Problem to solve
Give a verbatim copy of the data, leaving the pictures out.
[Supplied information Boundary: Start]
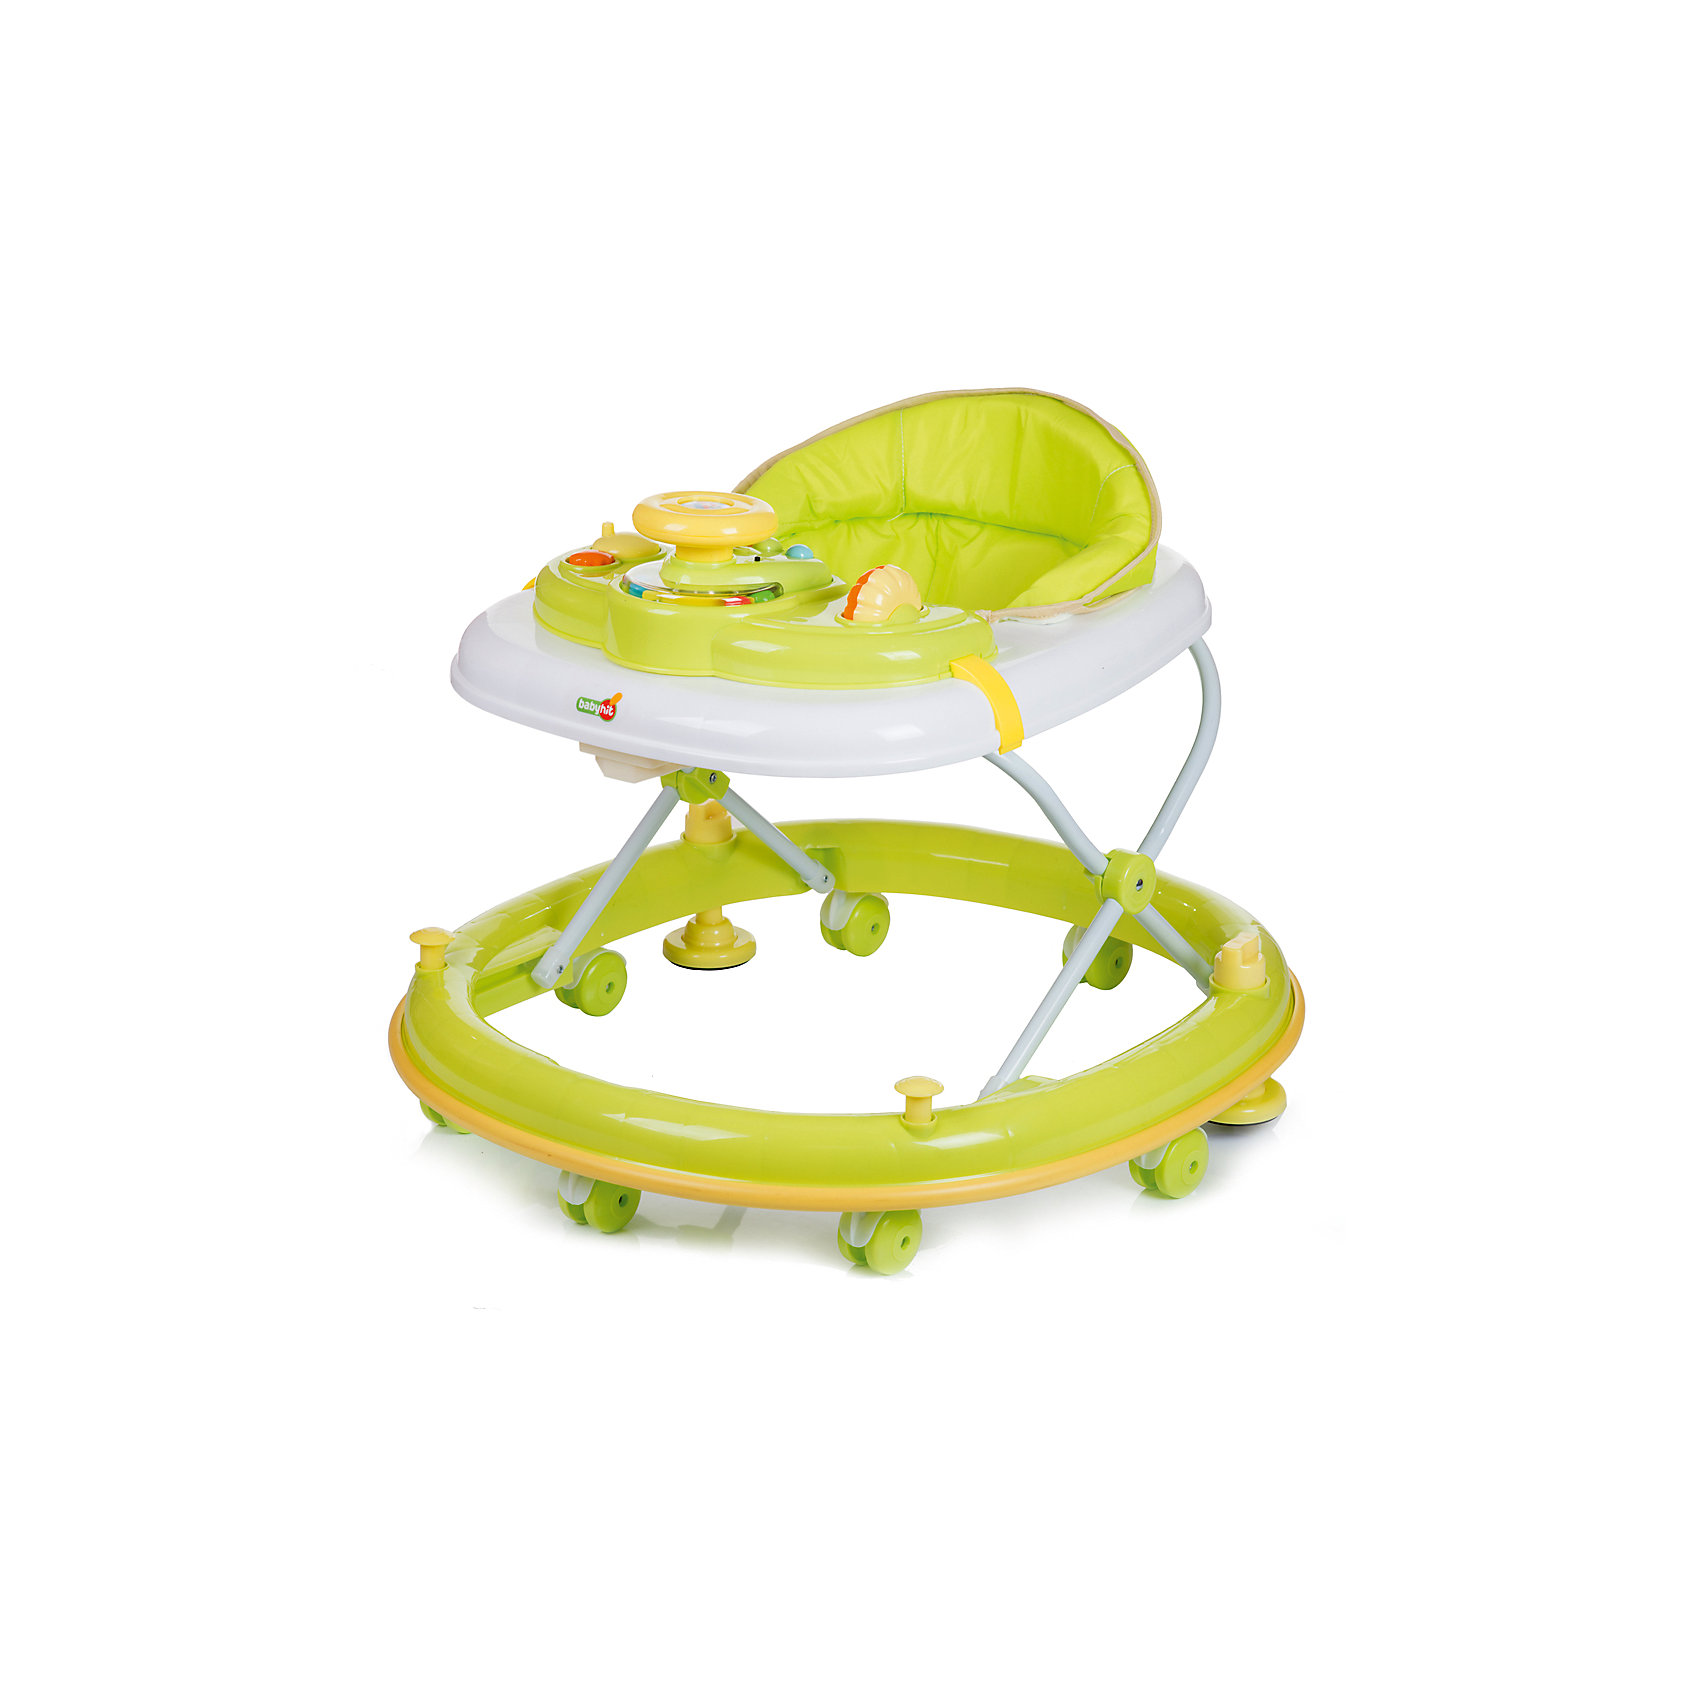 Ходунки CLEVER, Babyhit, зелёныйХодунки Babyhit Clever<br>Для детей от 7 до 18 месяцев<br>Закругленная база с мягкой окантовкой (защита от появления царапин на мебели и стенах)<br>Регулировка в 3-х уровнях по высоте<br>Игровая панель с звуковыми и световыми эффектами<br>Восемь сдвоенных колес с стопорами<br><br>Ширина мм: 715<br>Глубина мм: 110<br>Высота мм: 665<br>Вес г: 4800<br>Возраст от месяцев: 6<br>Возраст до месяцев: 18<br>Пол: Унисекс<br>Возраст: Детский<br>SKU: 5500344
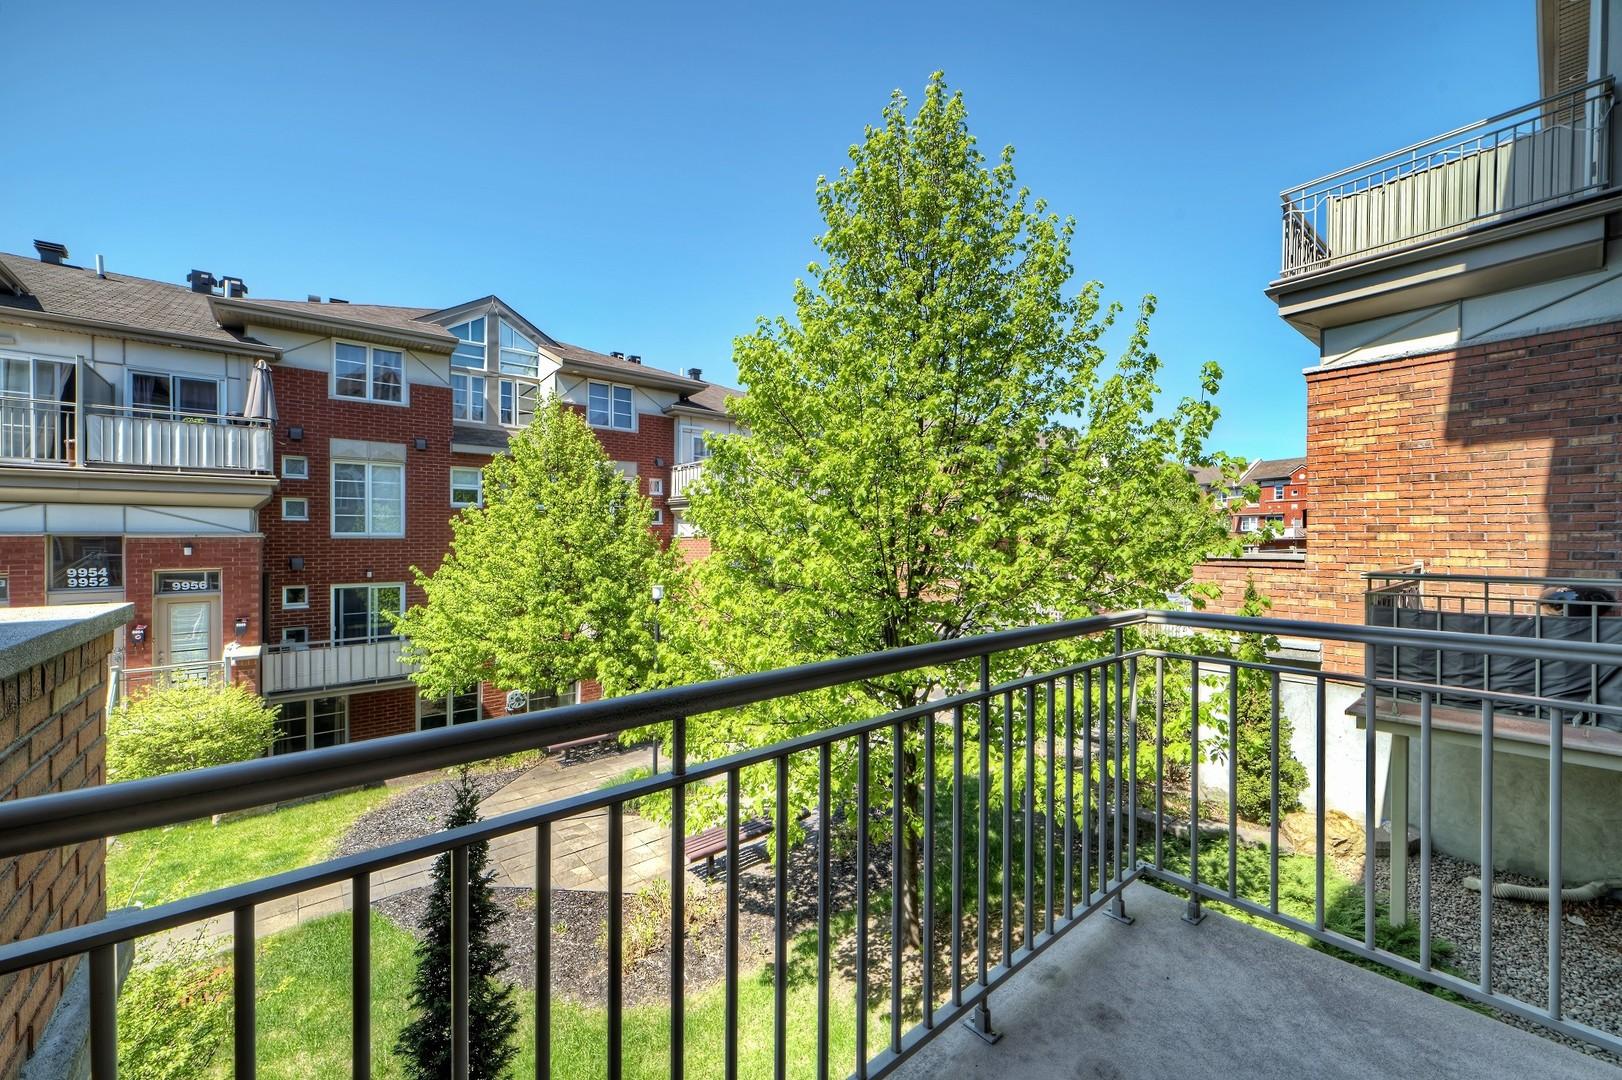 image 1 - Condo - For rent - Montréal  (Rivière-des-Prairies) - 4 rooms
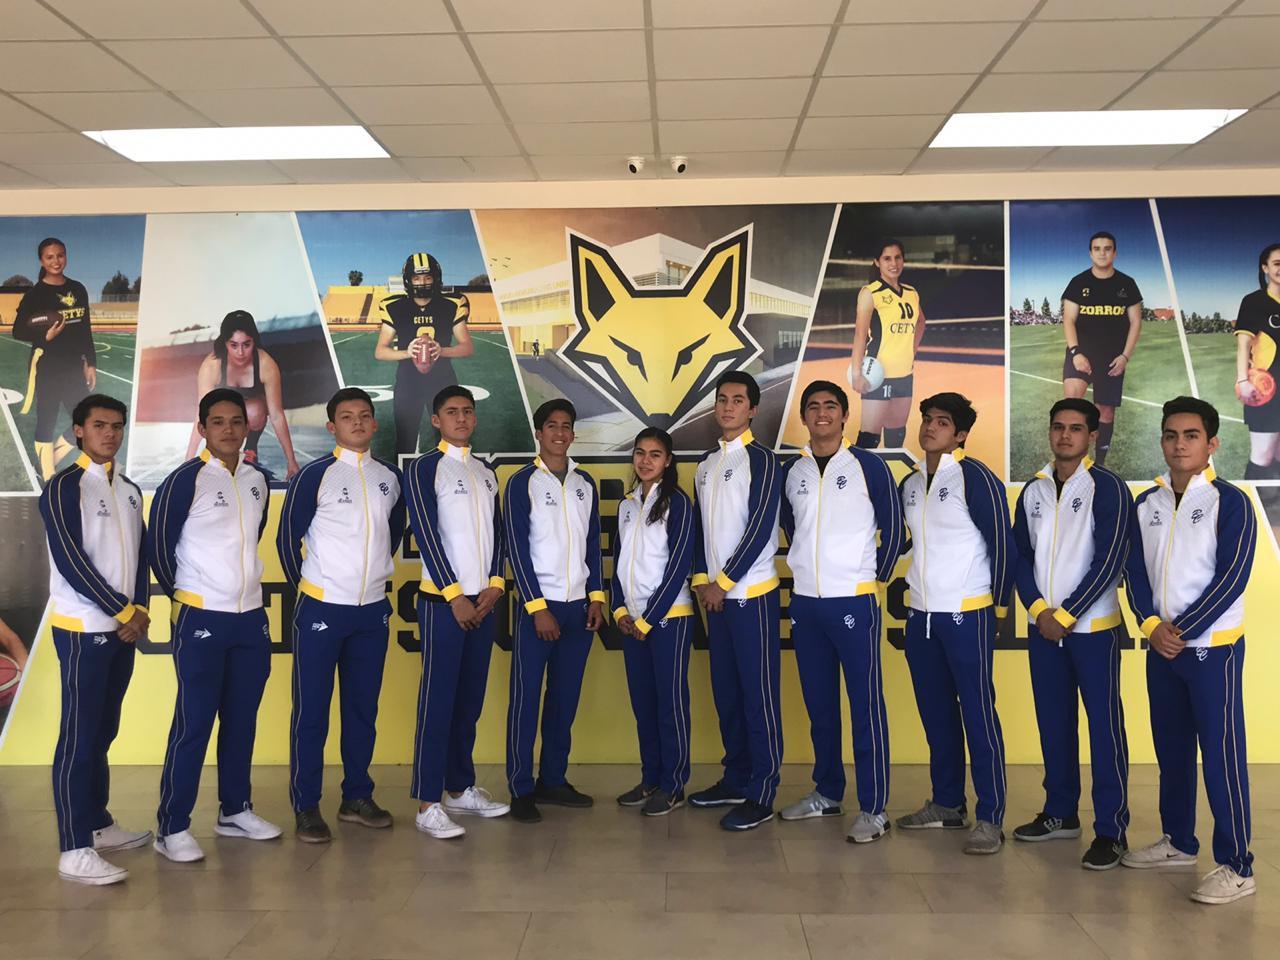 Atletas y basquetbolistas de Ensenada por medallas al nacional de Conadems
[Supplied information Boundary: End]
Task response
 Ходунки CLEVER, Babyhit, зелёныйХодунки Babyhit Clever<br>Для детей от 7 до 18 месяцев<br>Закругленная база с мягкой окантовкой (защита от появления царапин на мебели и стенах)<br>Регулировка в 3-х уровнях по высоте<br>Игровая панель с звуковыми и световыми эффектами<br>Восемь сдвоенных колес с стопорами<br><br>Ширина мм: 715<br>Глубина мм: 110<br>Высота мм: 665<br>Вес г: 4800<br>Возраст от месяцев: 6<br>Возраст до месяцев: 18<br>Пол: Унисекс<br>Возраст: Детский<br>SKU: 5500344
 image 1 - Condo - For rent - Montréal  (Rivière-des-Prairies) - 4 rooms
 Atletas y basquetbolistas de Ensenada por medallas al nacional de Conadems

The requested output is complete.